Firstly, we load the image. The image MUST be the same size as the ones used during training.

In [75]:
test_image = image.load_img('./assets/images/cnn-dog-test.jpg', target_size=(150, 150))

Our test image must also be converted into a 2D-array as this is the input that is expected by our Neural Network.

In [76]:
test_image = image.img_to_array(test_image)

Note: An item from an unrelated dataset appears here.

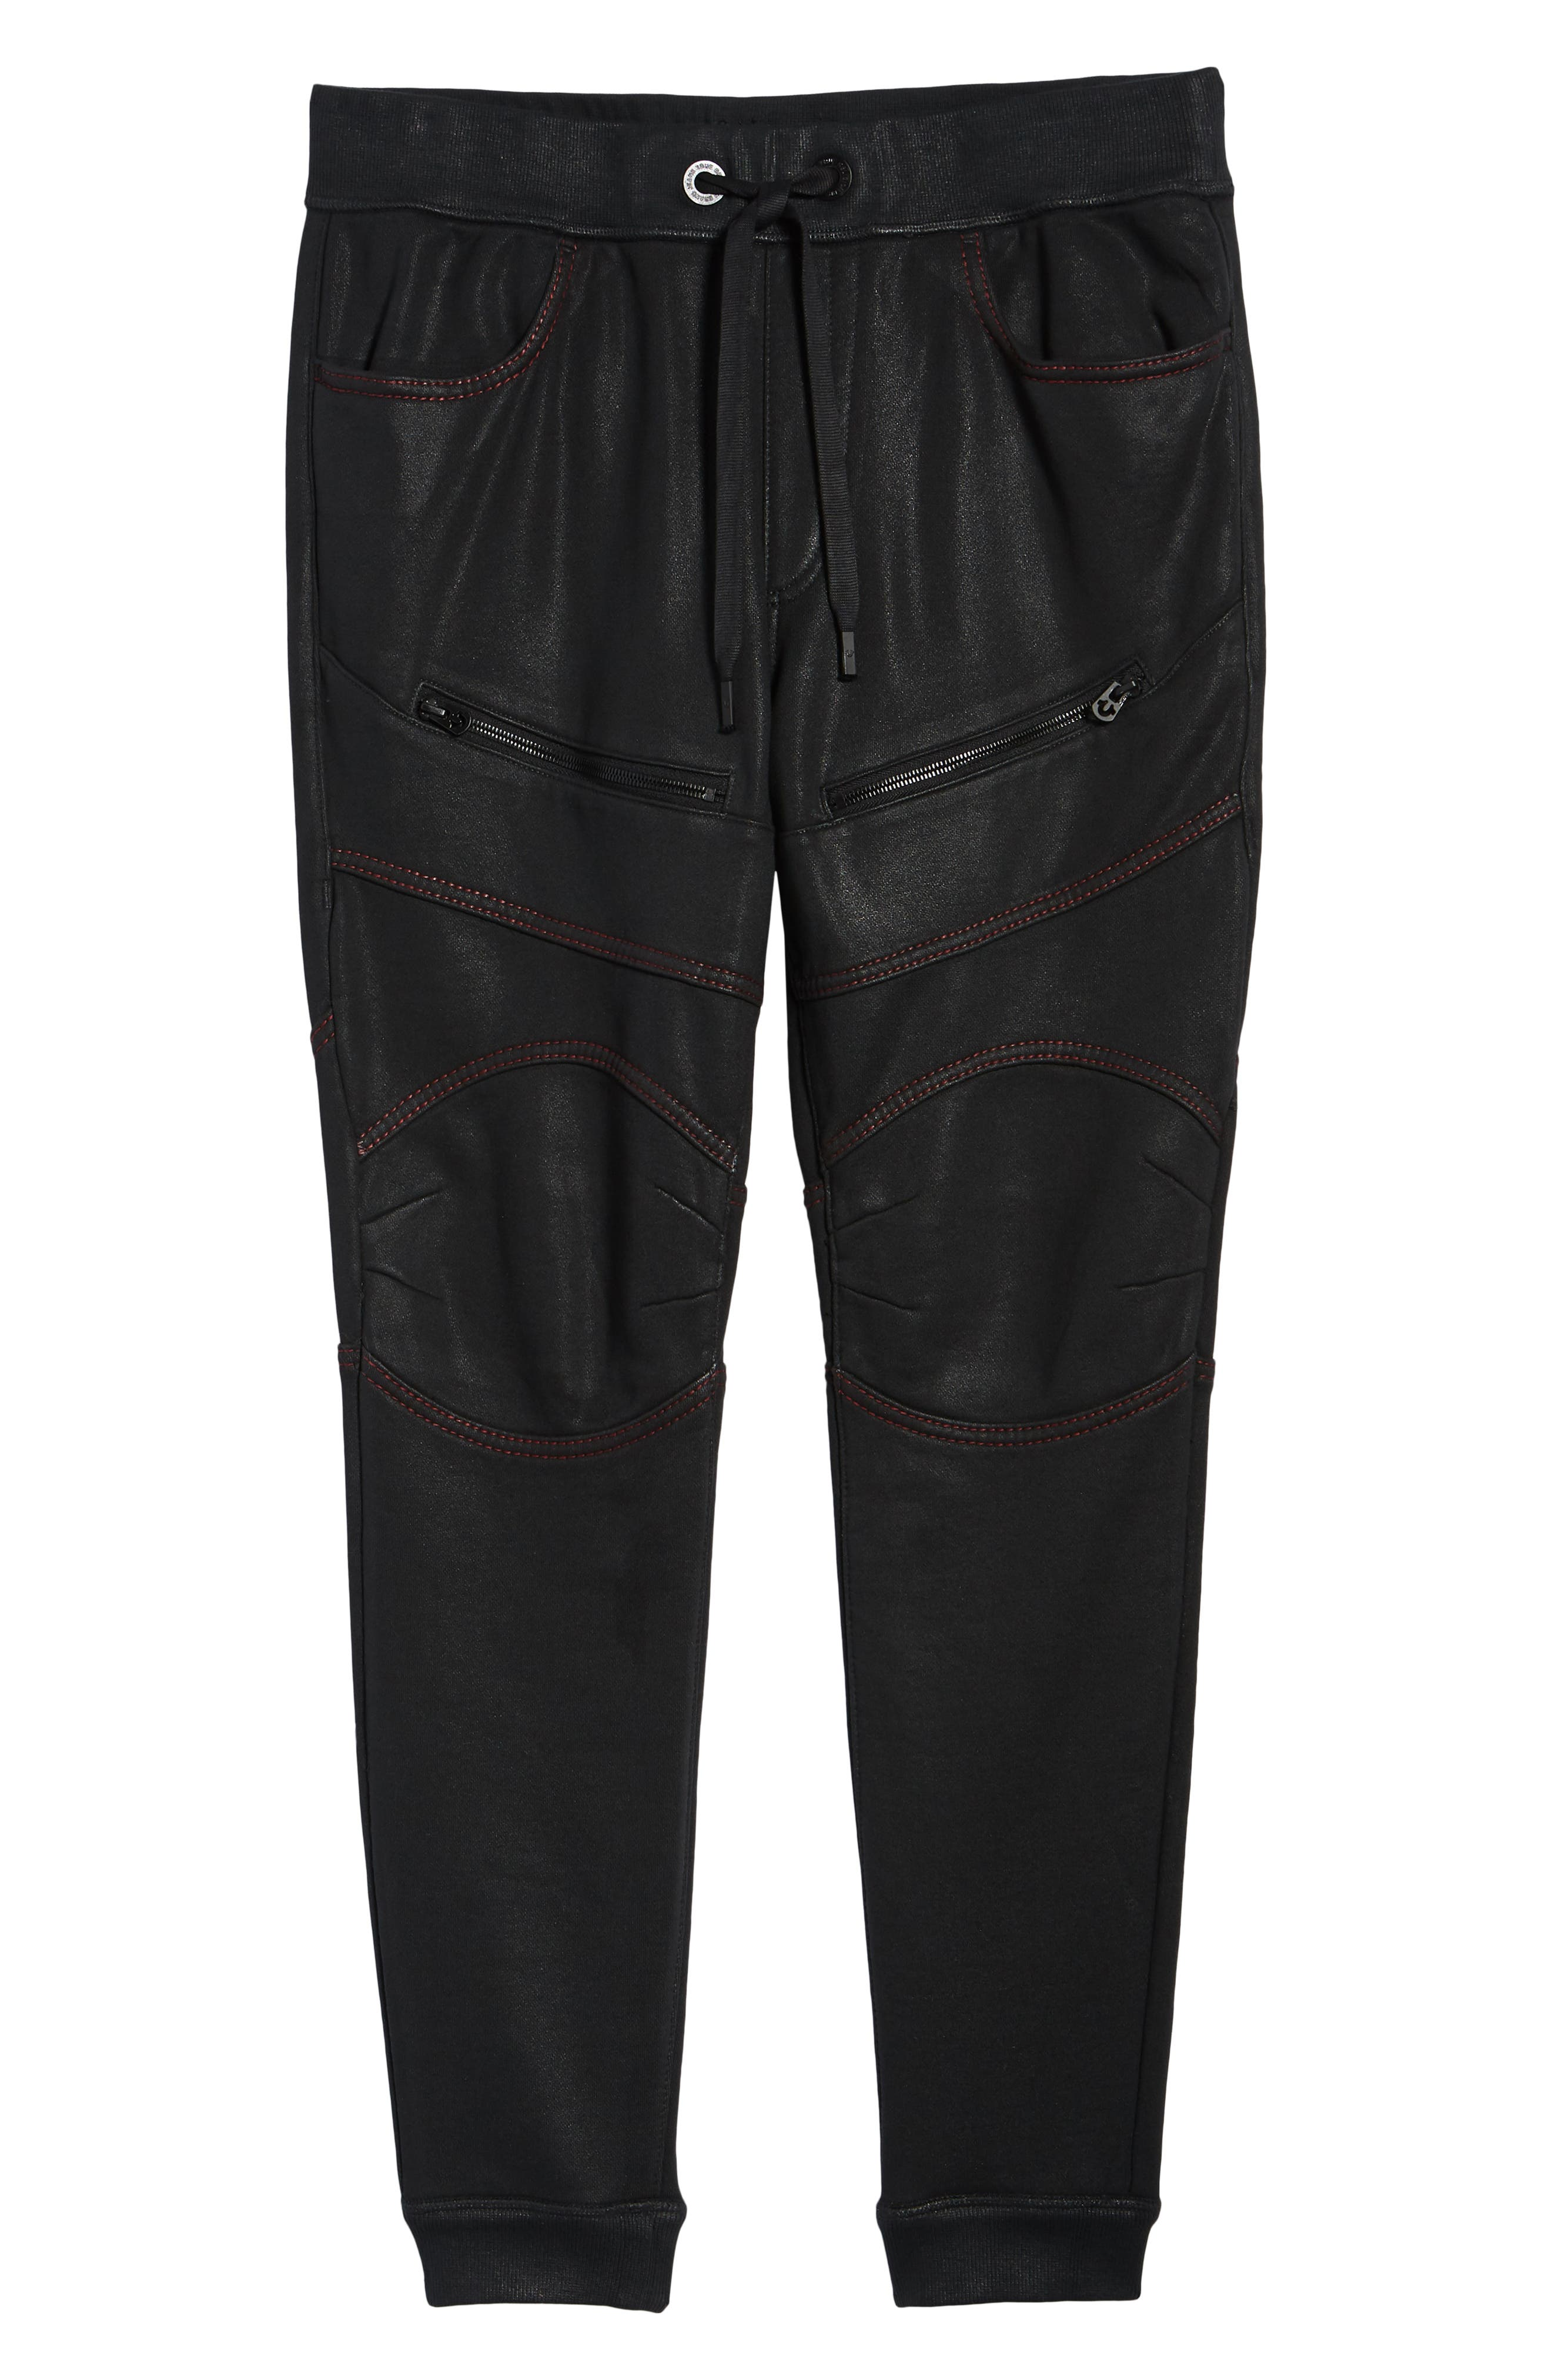 Moto Active Sweatpants,                             Alternate thumbnail 6, color,                             TRUE BLACK
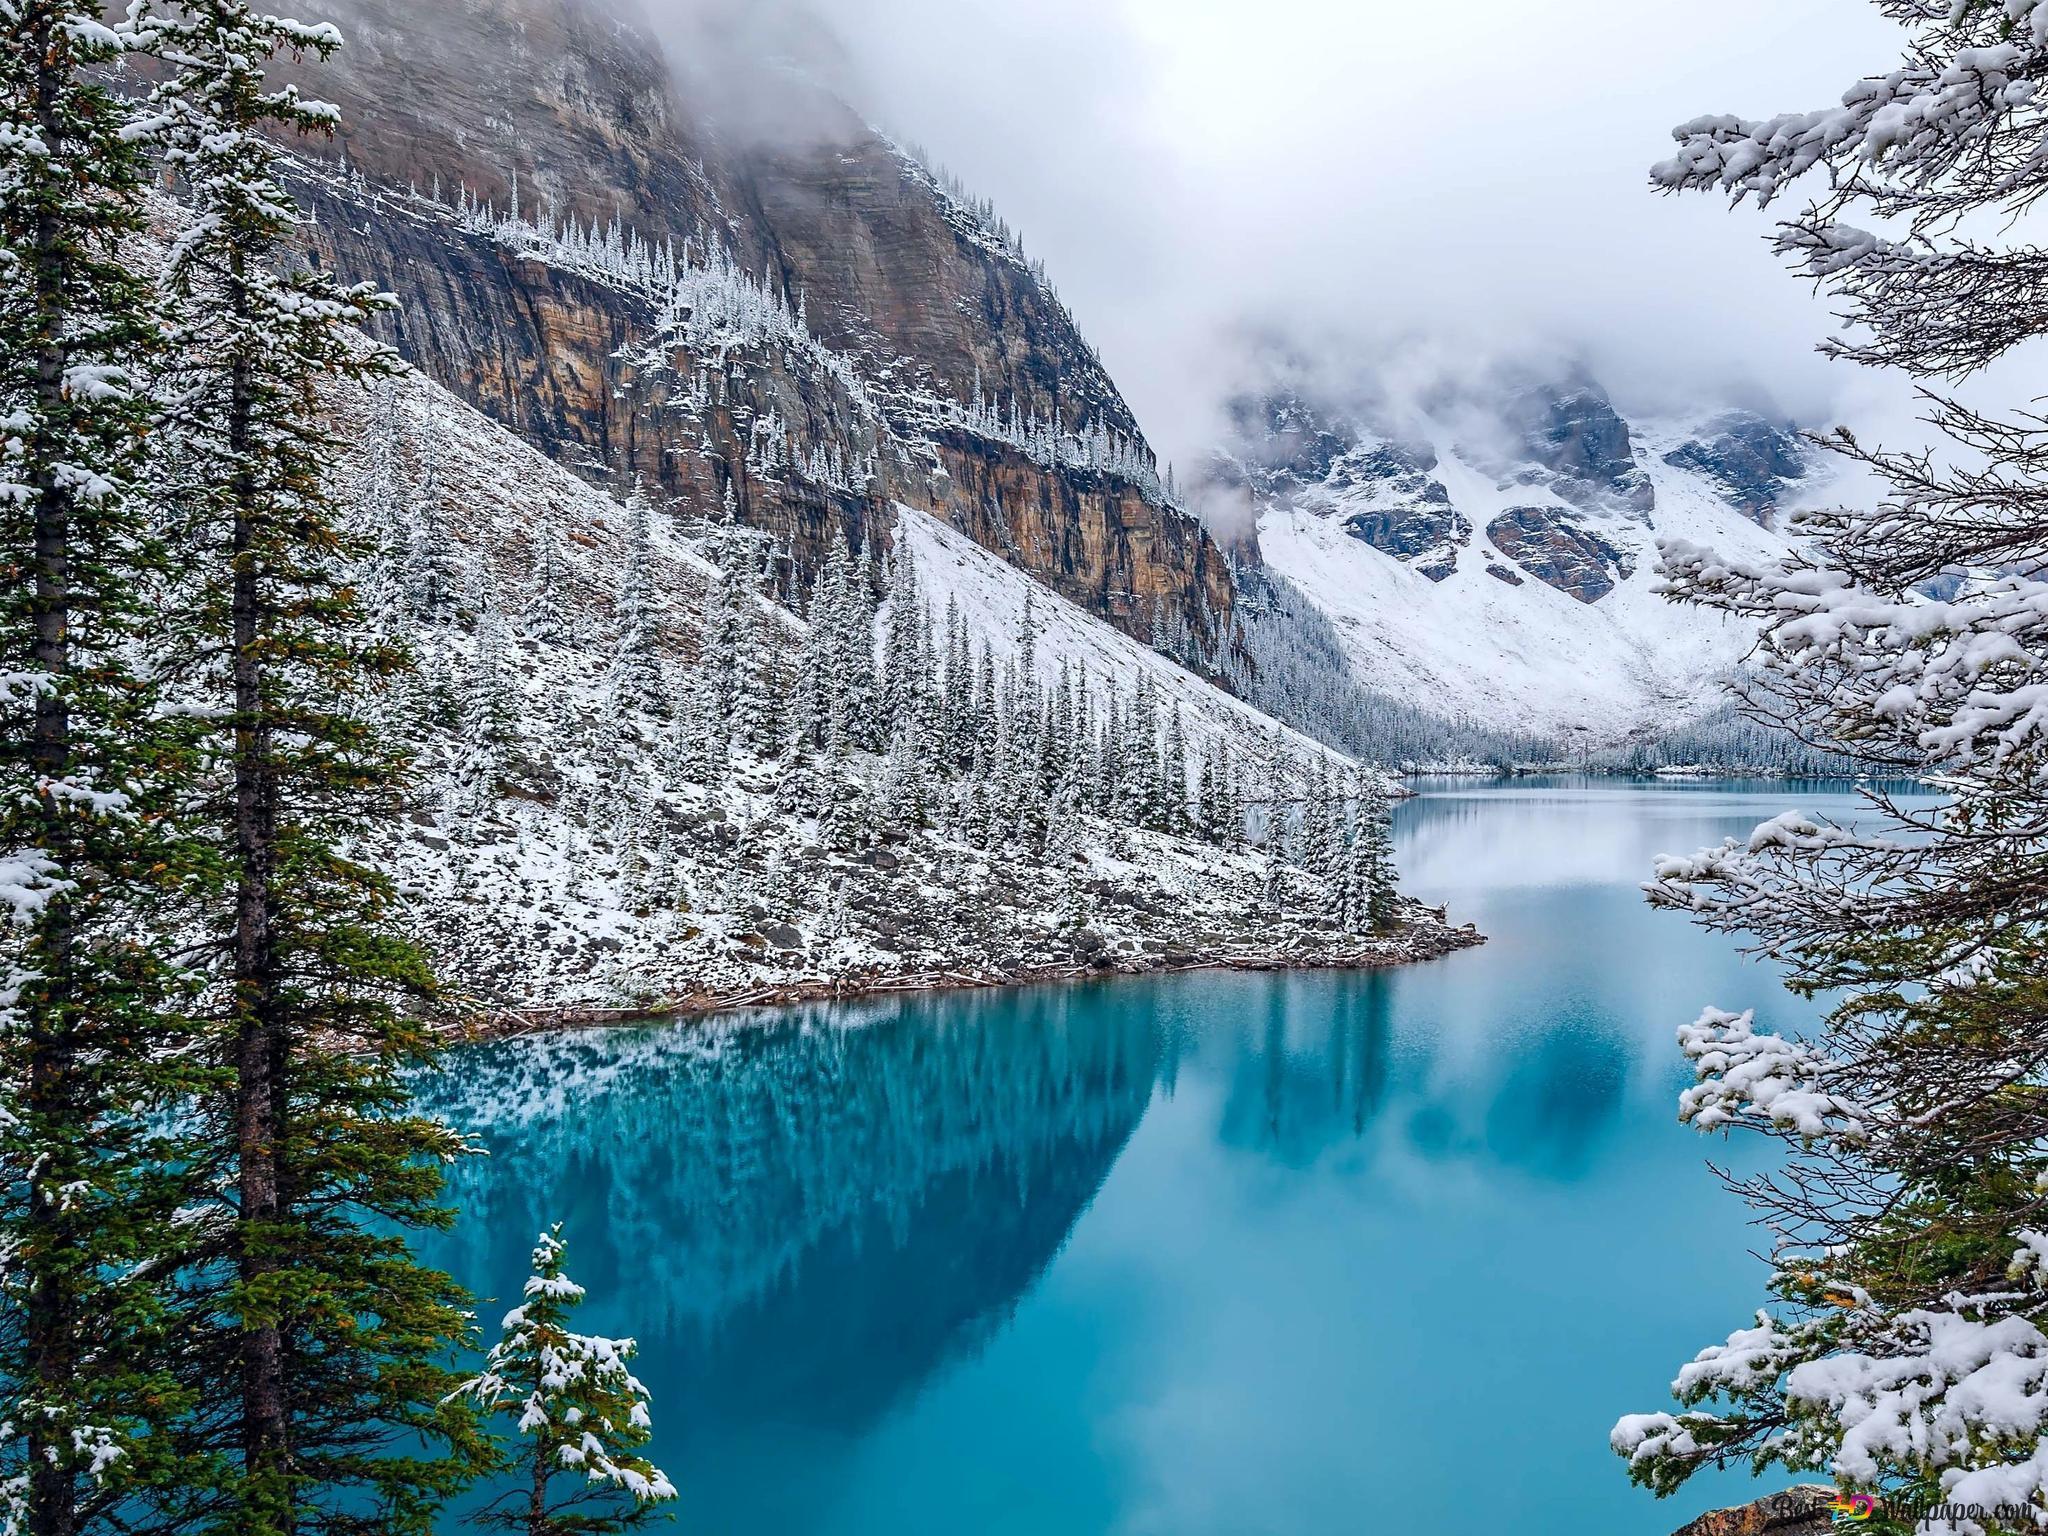 Banff National Park Moraine Lake Hd Wallpaper Download

The `predict` method has to be called using the exact same format as was used during the training. Our Convolutional Neural Network was not trained on a single image but rather batches of images. So now we have an extra dimension of the batch. To solve this, we put our image in the batch so that the `predict` method can recognize the batch as the extra dimension. The batch is always the first dimension.

In [77]:
test_image = np.expand_dims(test_image, axis=0)

Now we predict.

In [78]:
result = cnn.predict(test_image)



Our model would either give us a 0 or a 1. Let us see what each one represents.

In [79]:
training_set.class_indices

{'cats': 0, 'dogs': 1}

So 0 represents cats and 1 represents dogs.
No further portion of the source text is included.